Art. 34.° Fica revogada toda a legislação em contrario.

Ministerio dos negocios da fazenda, gabinete do ministerio, 13 de janeiro de 1880. = Henrique de Sarros Gomes.

Tabella a que se refere o artigo 4.° d’esta proposta de lei

[Ver valores da tabela na imagem]

Classes Rendimento Reis Imposto Reis Classes Rendimento – Reis Imposto Reis

Ministerio dos negocios da fazenda, gabinete do ministro, 13 de janeiro de 1880. = Henrique de Sarros Gomes.

O sr. Presidente: — Está em discussão na sua generalidade.

Tem a palavra o sr. Serpa.

O sr. Serpa: — O orador declarou que, tendo assinado o parecer vencido em parte, havia de votar contra algumas das suas disposições, mas que o approvava na sua generalidade e na maior parte dos seus artigos, apesar de ser contrario ao systema geral do projecto, sobretudo depois das transformações porque tinha passado na camara dos srs. deputados. Que votava pela generalidade, porque entendia que era preciso crear receita, e porque da approvação d’este pensamento devia resultar o contrahir-se o futuro emprestimo em melhores condições. Comparou o projecto primitivo do governo com as profundas modificações introduzidas na outra camara. Censurou o imposto sobre os vencimentos em geral diminutos e insuficientes dos funccionarios.
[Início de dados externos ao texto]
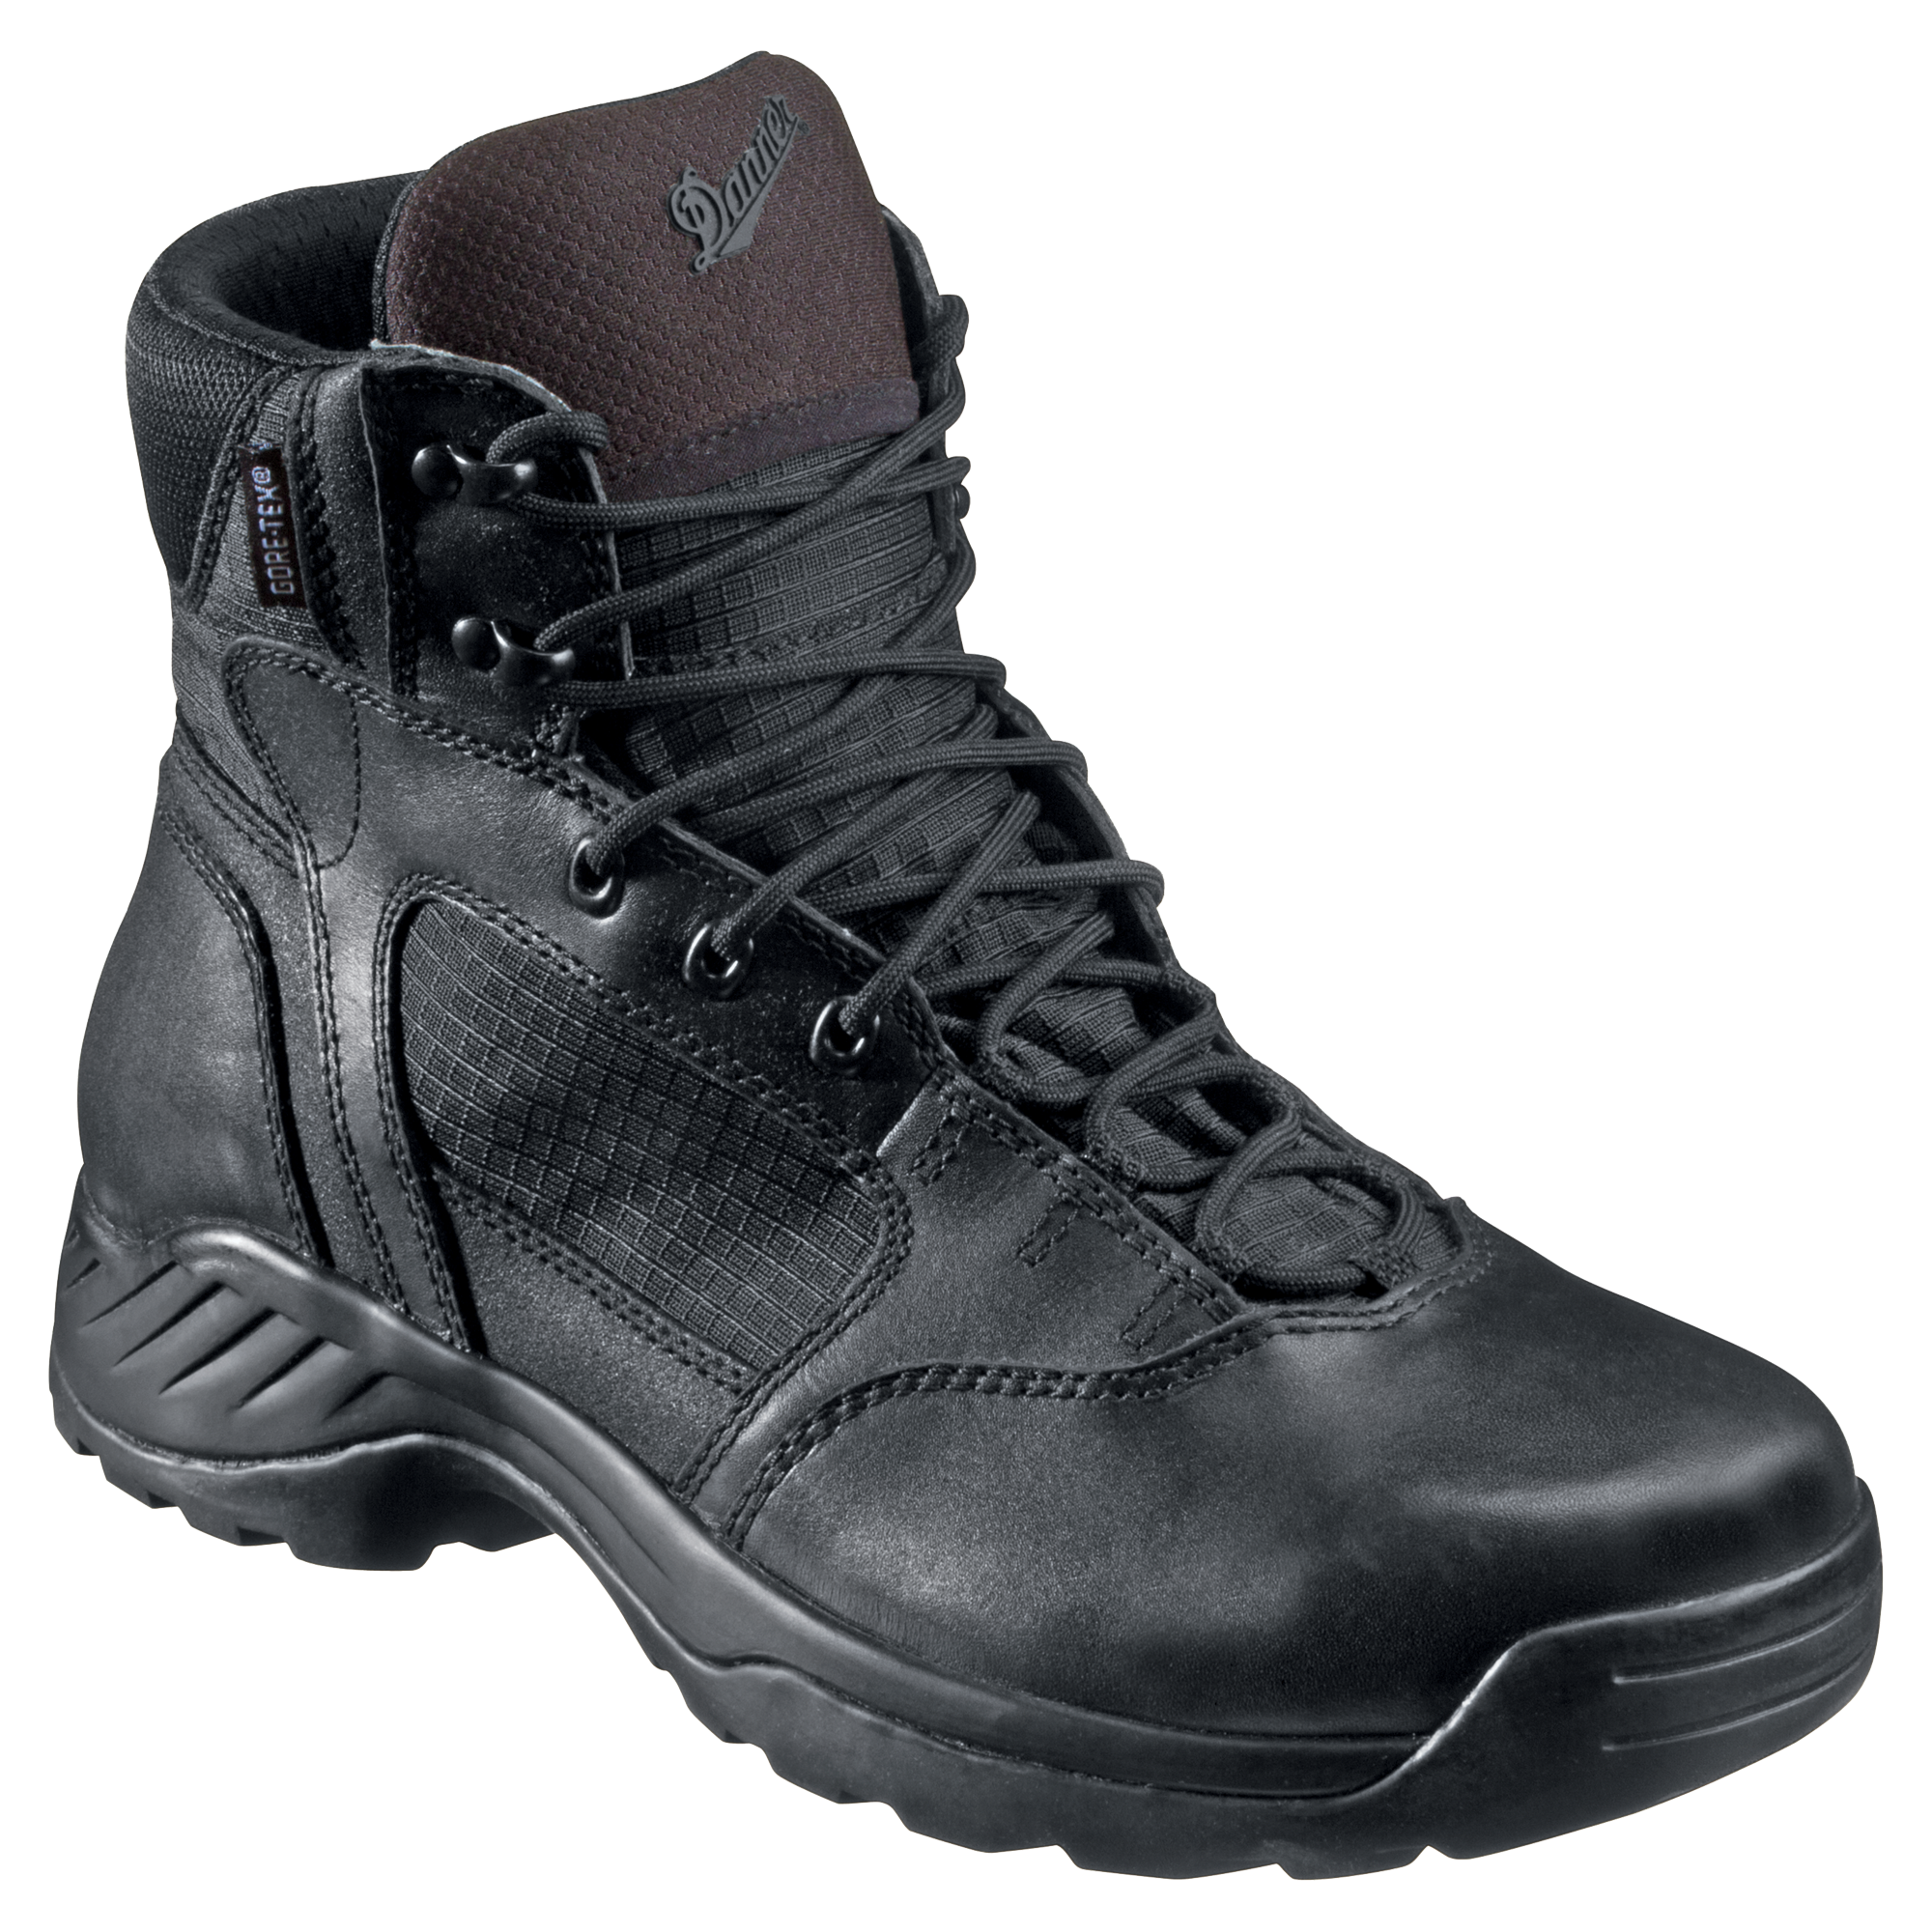 Danner Kinetic Side-Zip GORE-TEX Work Boots for Men - Black - 7M

Censurou o modo como se ía lançar um addiccional, injustamente e desigualmente distribuido sobre a riqueza predial e industrial. Censurou o imposto sobre os rendimentos creados fora do paiz, que já nos paizes donde provinham tinham pago os impostos respectivos, havendo por tanto para esses rendimentos duplicação de imposto. Porém que estes inconvenientes eram remediaveis, porque d’aqui a um ou dois annos a lei podia ser emendada, e os impostos agora creados ser substituidos por outros mais rascaveis e convenientes. Mas não se dava este caso com o imposto sobre os titulos de divida publica. Aqui o mal era irreparavel, porque a quebra do respeito que sempre se tinha mantido á fé dos contratos e aos compromissos, solemnes do governo era um golpe no credito publico, cujas consequencias seriam funestas e duradouras. Mostrou desenvolvidamente que o estado não podia tributar os juros dos titulos de divida publica, citando as clausulas dos contratos e as declarações feitas em 1870 pelo sr. Braamcamp, como ministro da fazenda. E terminou renovando a declaração de que votava o projecto na- sua generalidade, mas que havia de votar contra o imposto sobre os titulos de divida publica.
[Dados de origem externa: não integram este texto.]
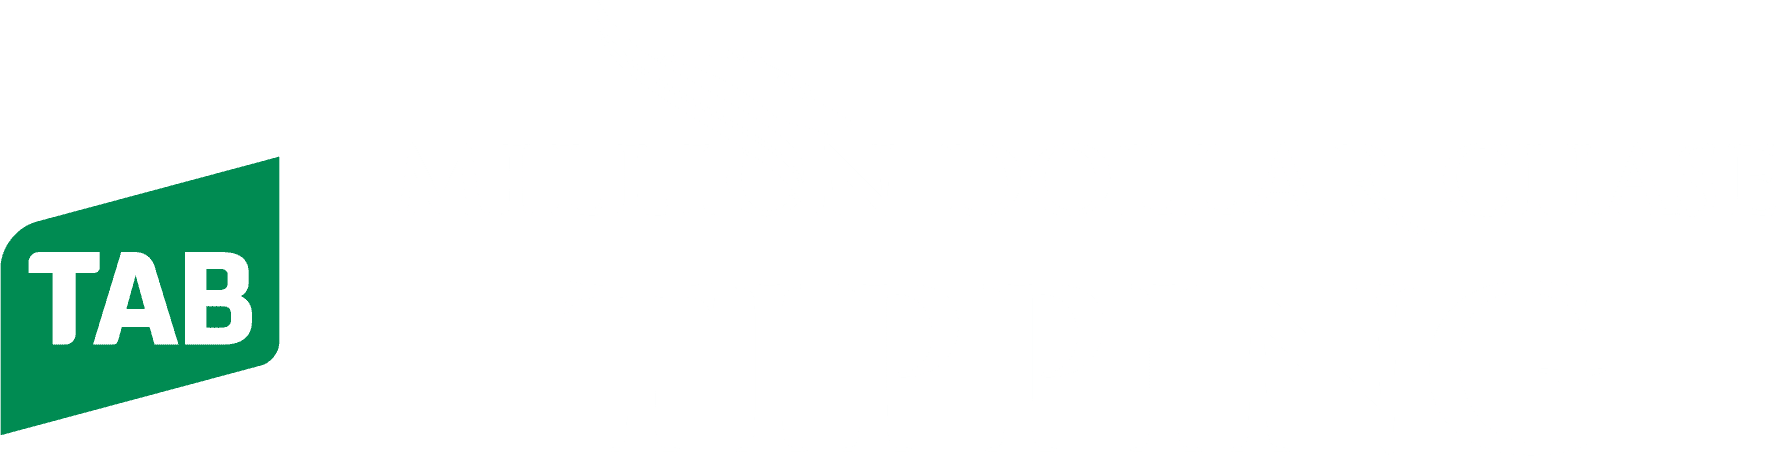 Million Dollar Chase Tipping Logo

O sr. Presidente: — Tem a palavra o sr. ministro da fazenda; mas como tambem pediram a palavra os srs. conde de Rio Maior, conde de Valbom, Carlos. Bento, Fontes e Vaz Preto, desejo saber como s. exas. querem que os inscreva.

O sr. Conde de Rio Maior: — Contra, em parte.
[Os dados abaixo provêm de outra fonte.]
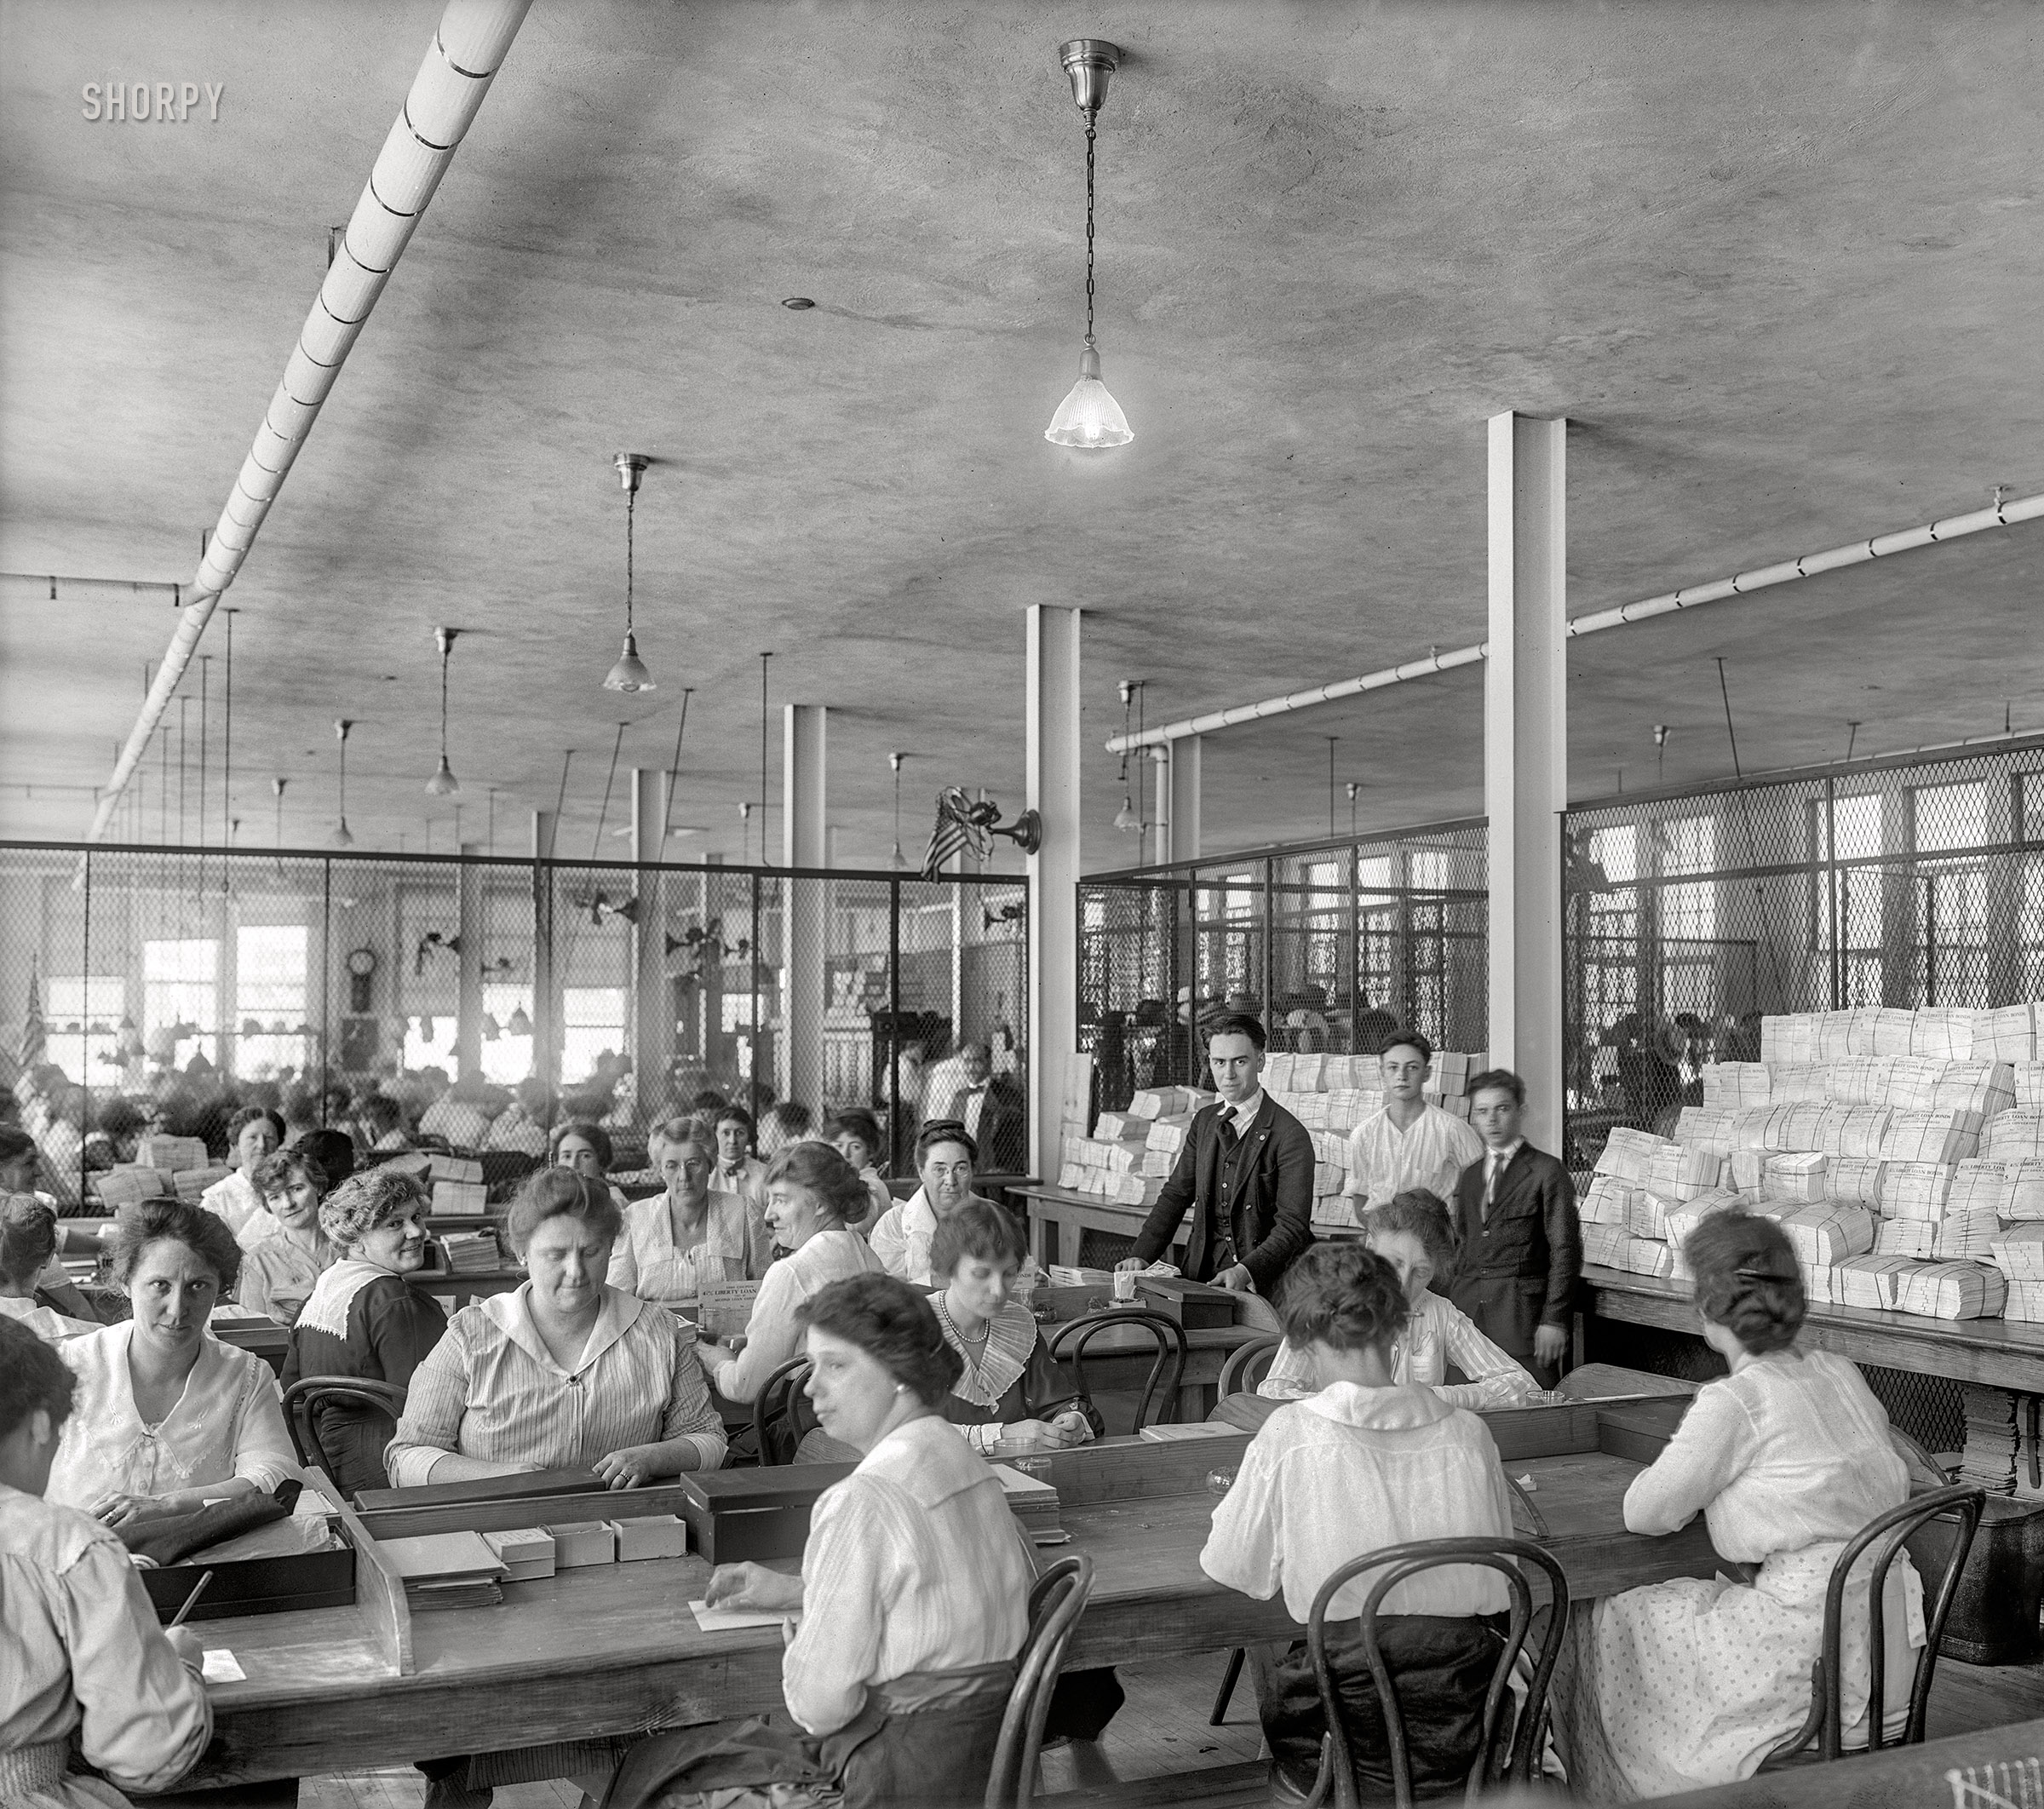 Washington, D.C., 1918. "Liberty Loan bonds -- Bureau of Engraving and Printing." Financing the war effort. 8x10 inch glass negative, Harris & Ewing Collection. View full size.

O sr. Conde de Valbom: — Contra.

O sr. Carlos Bento: — A favor.

O sr. Fontes Pereira de Mello: — Contra, em parte.

O sr. Vaz Preto: — Contra.

O sr. Ministro da Fazenda (Barros Gomes): — Começo por declarar que tomei nota das phrases proferidas peio sr. Serpa Pimentel. Asseverou s. exa. que d’aqui a um, eu, quando muito, dois annos, este imposto terá, necessariamente, de ceder o passo a uru outro systema tributario que não envolva as injustiças, as desigualdades e as iniquidades a que esta lei tributaria vae, dar logar.

Iniquidades, desigualdades e injustiças a que, todavia, s. exa. tambem declarou prestar o seu voto, influenciado para isso pela gravidade das condições financeiras em que nos encontramos nas vésperas de se contrahir um grande emprestimo.

Não posso eu, em nome do governo, deixar de declarar que tenho no maior apreço as considerações de s. exa., que o levam a conceder o seu voto ao projecto que se discute.

Não podiamos nós, governo, deixar de demonstrar ao digno par o grande apreço em que temos as suas palavras; singular documento da mais singular abnegação, visto ir esta até ao ponto de o fazer votar o que reputa uma verdadeira iniquidade. Ora, na verdade, votar de boa mente uma iniquidade é ir um pouco mais alem do que eu, por minha parte, iria se estivesse na opposição. No entanto, reconheço que as intenções do digno par são as melhores, e, agradecendo o voto, abster-me-hei de discutir as rasões que poderam influir no seu animo.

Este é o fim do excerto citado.